*WORK INSTRUCTION*. Omitting all images, give the entries that follow again exactly as they read.

"""

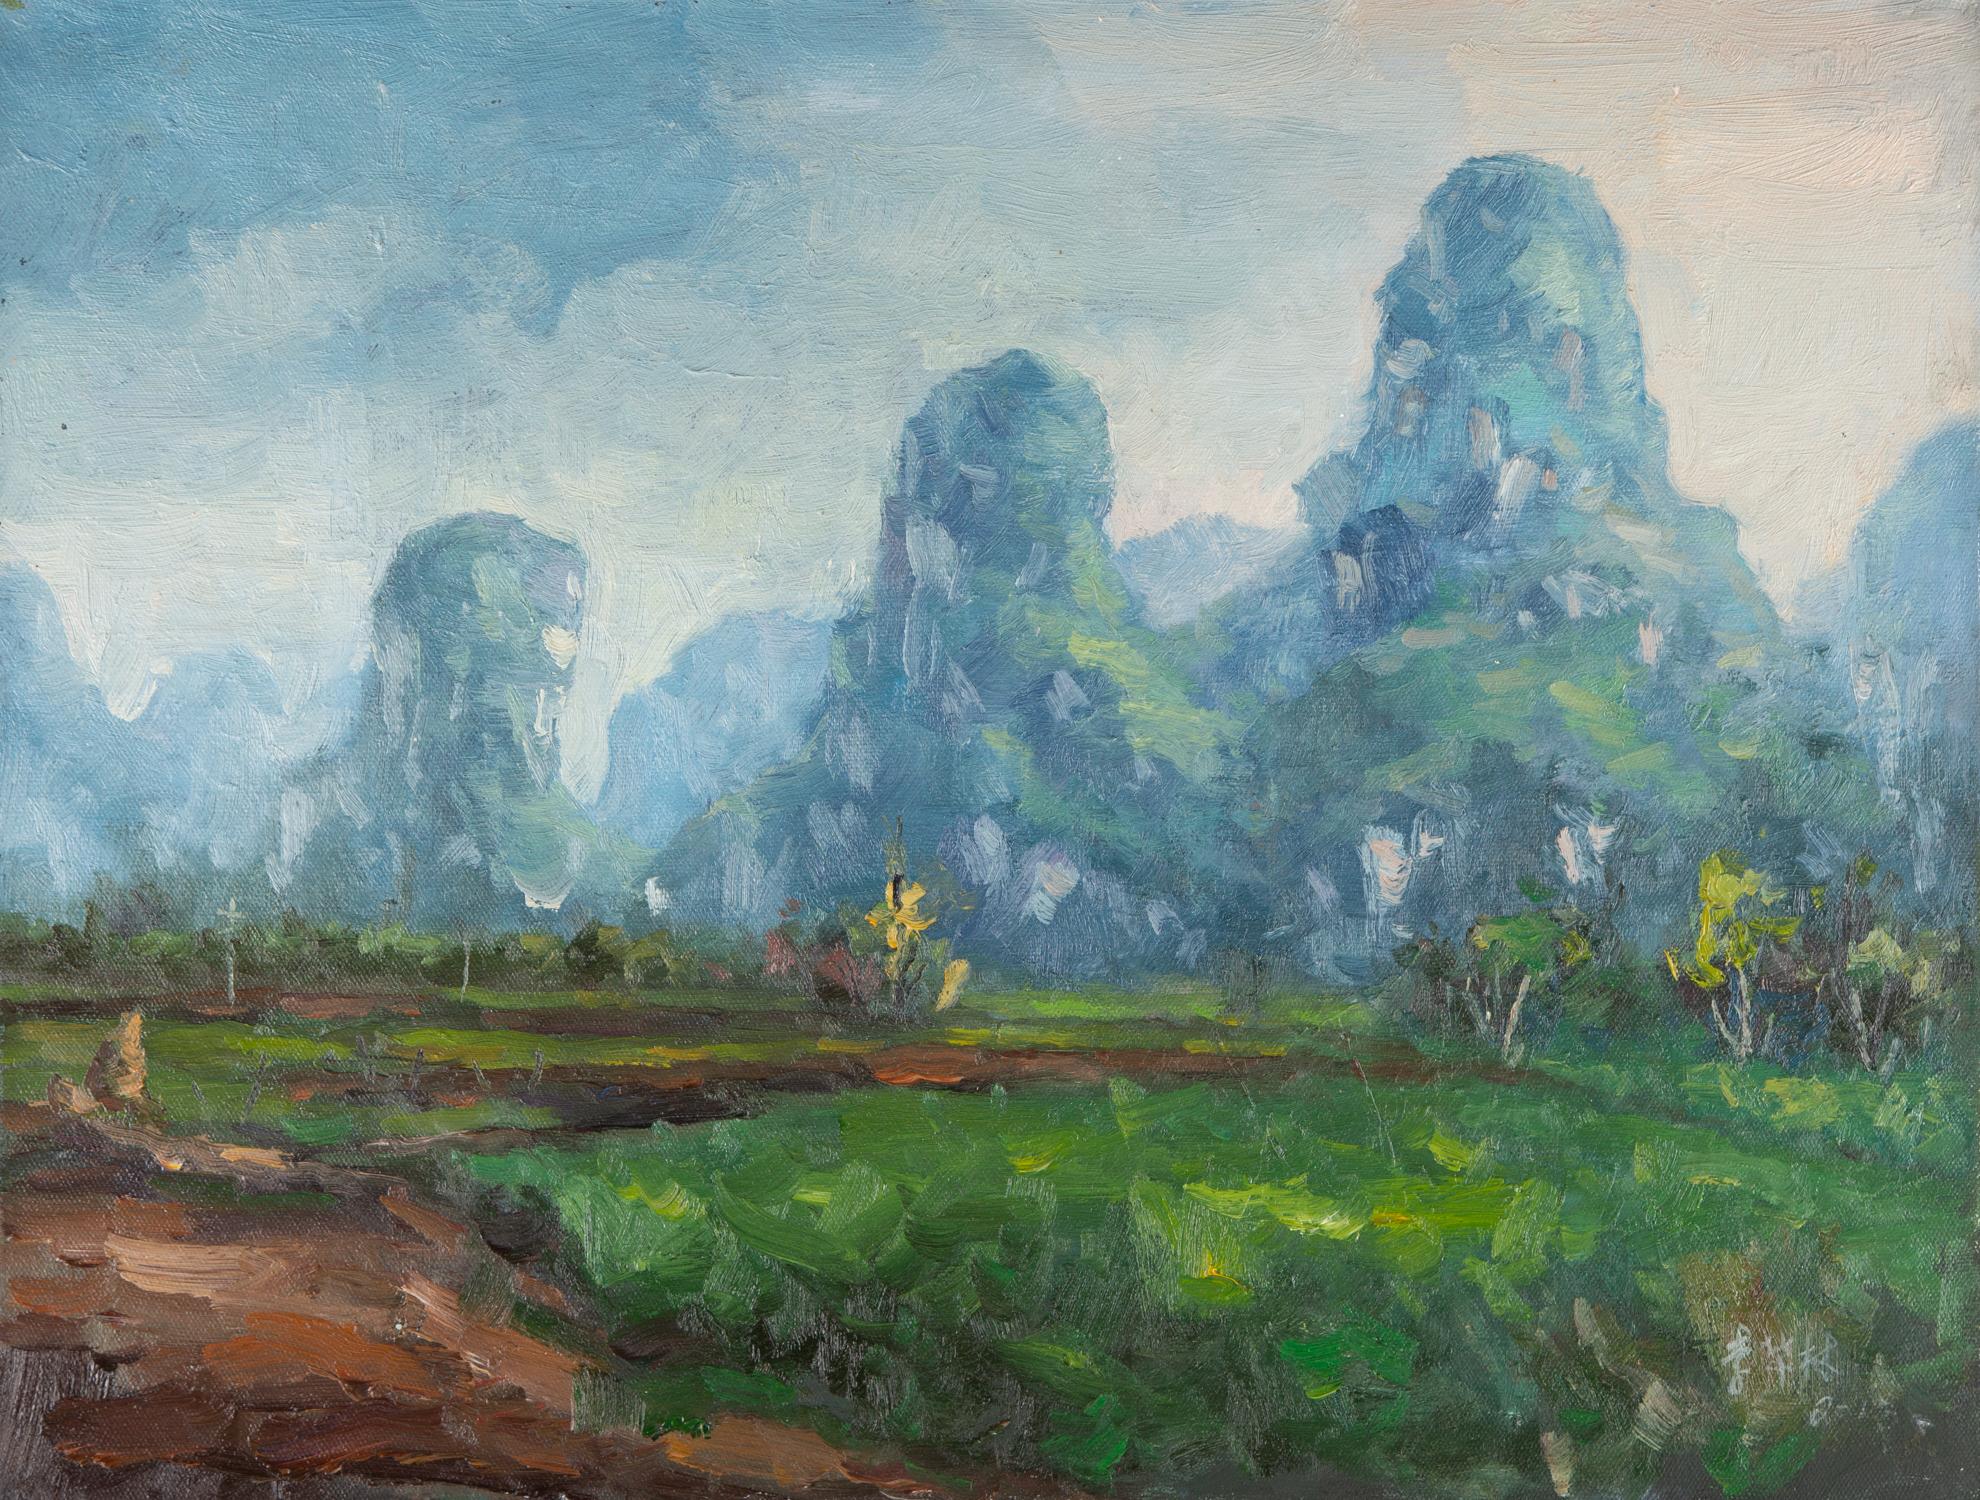 Title: Guilin Landscape 1
 Medium: Oil on canvas
 Size: 19.5 x 25.5 inches
 Frame: Framing options available!
 Condition: The painting appears to be in excellent condition.
 Note: This painting is unstretched
 Artist: Hualin Li
 Signature: Signed
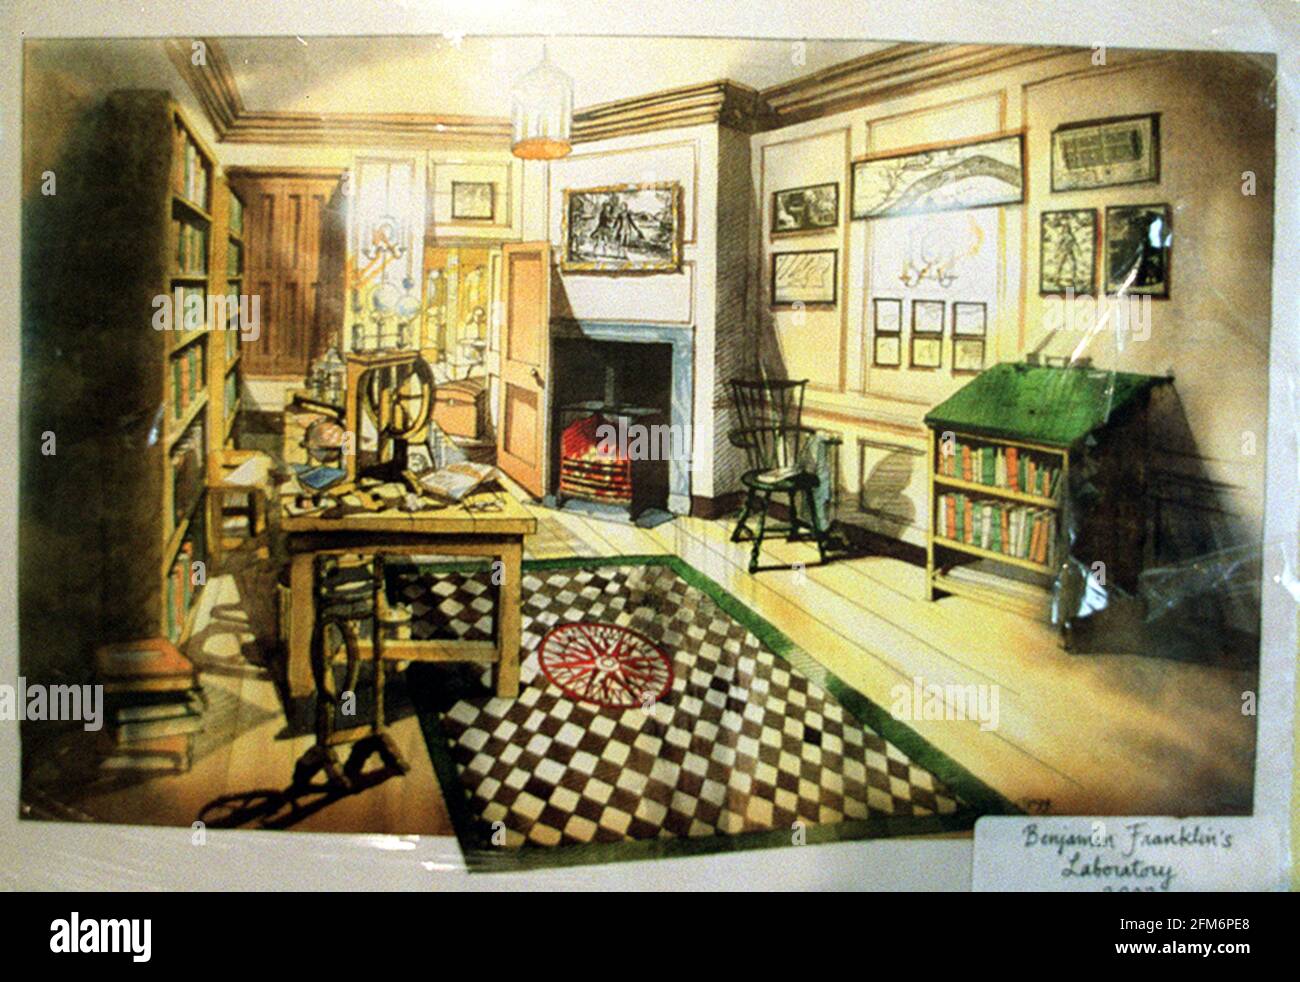 BENJAMIN FRANKLIN JUNE 2001 THE HOUSE THAT BENJAMIN FRANKLIN LIVIED IN, IN LONDON. AN IMPRESSION OF WHAT THE RE-CREATION WILL LOOK LIKE IN THE LABORATORY. Stock Photo
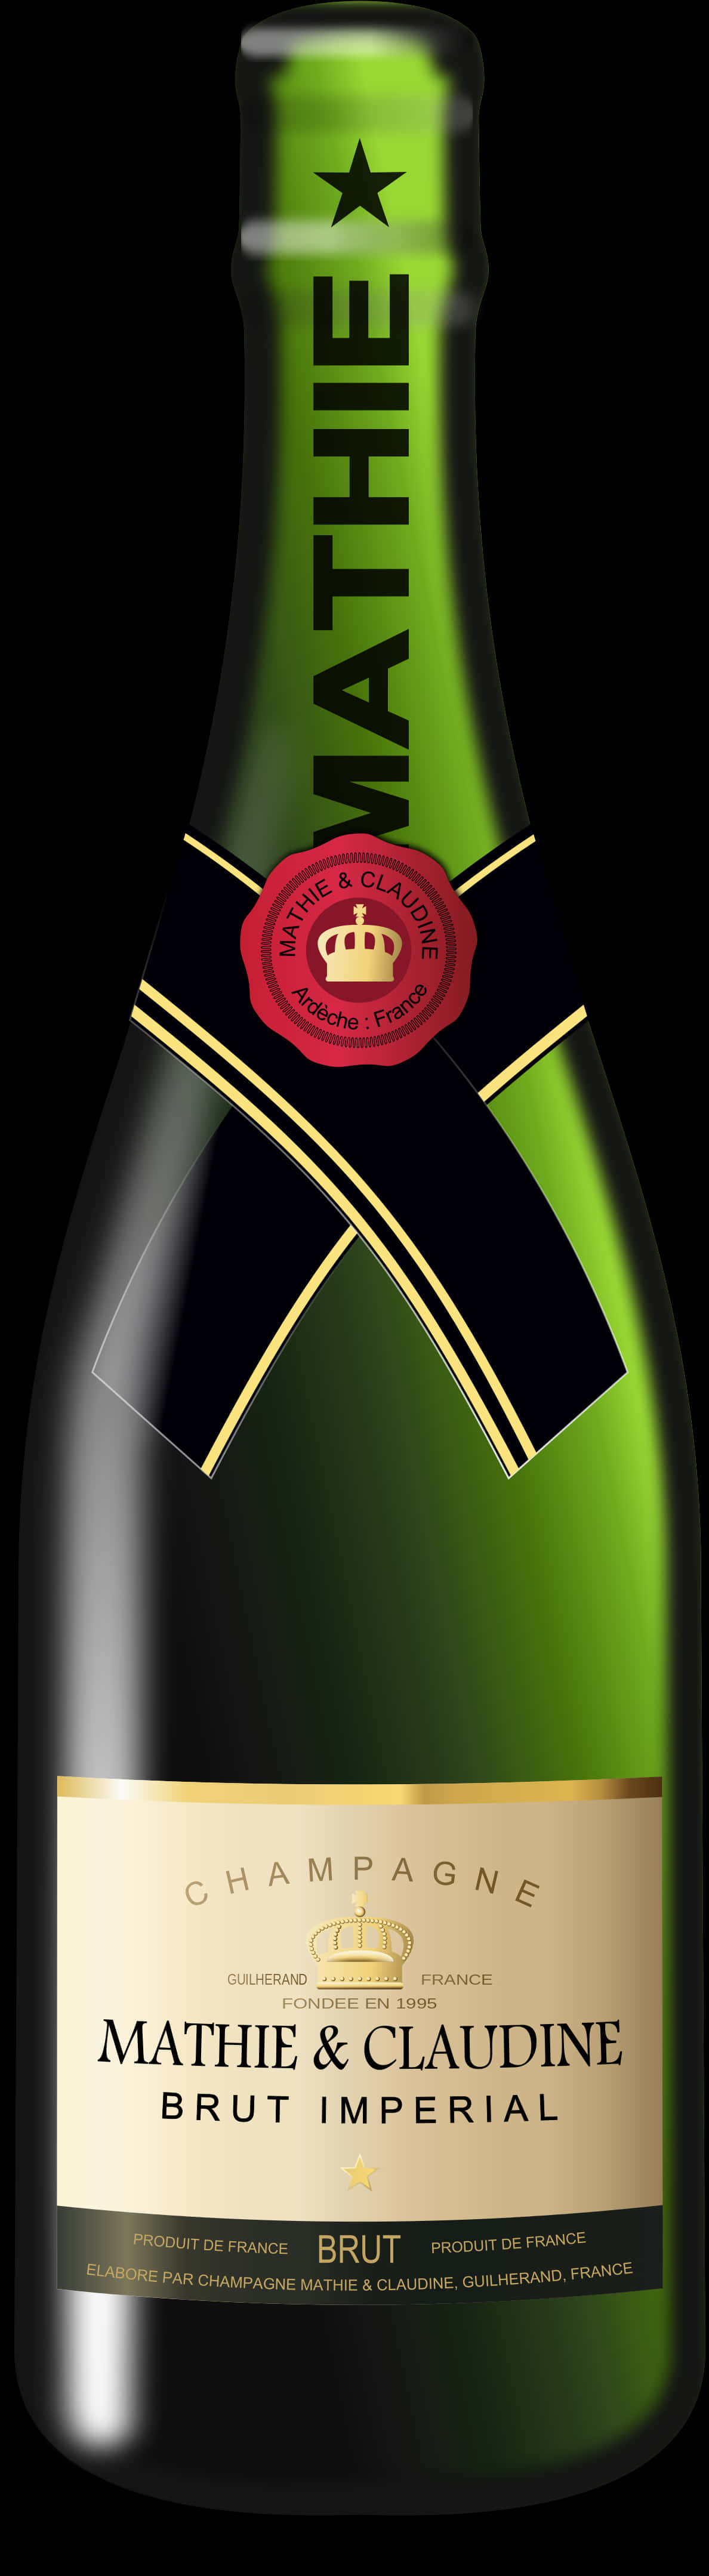 Mathie Claudine Brut Imperial Champagne Bottle PNG

"""

*RESPONSE*.
 Title: Guilin Landscape 1
 Medium: Oil on canvas
 Size: 19.5 x 25.5 inches
 Frame: Framing options available!
 Condition: The painting appears to be in excellent condition.
 Note: This painting is unstretched
 Artist: Hualin Li
 Signature: Signed
 BENJAMIN FRANKLIN JUNE 2001 THE HOUSE THAT BENJAMIN FRANKLIN LIVIED IN, IN LONDON. AN IMPRESSION OF WHAT THE RE-CREATION WILL LOOK LIKE IN THE LABORATORY. Stock Photo
 Mathie Claudine Brut Imperial Champagne Bottle PNG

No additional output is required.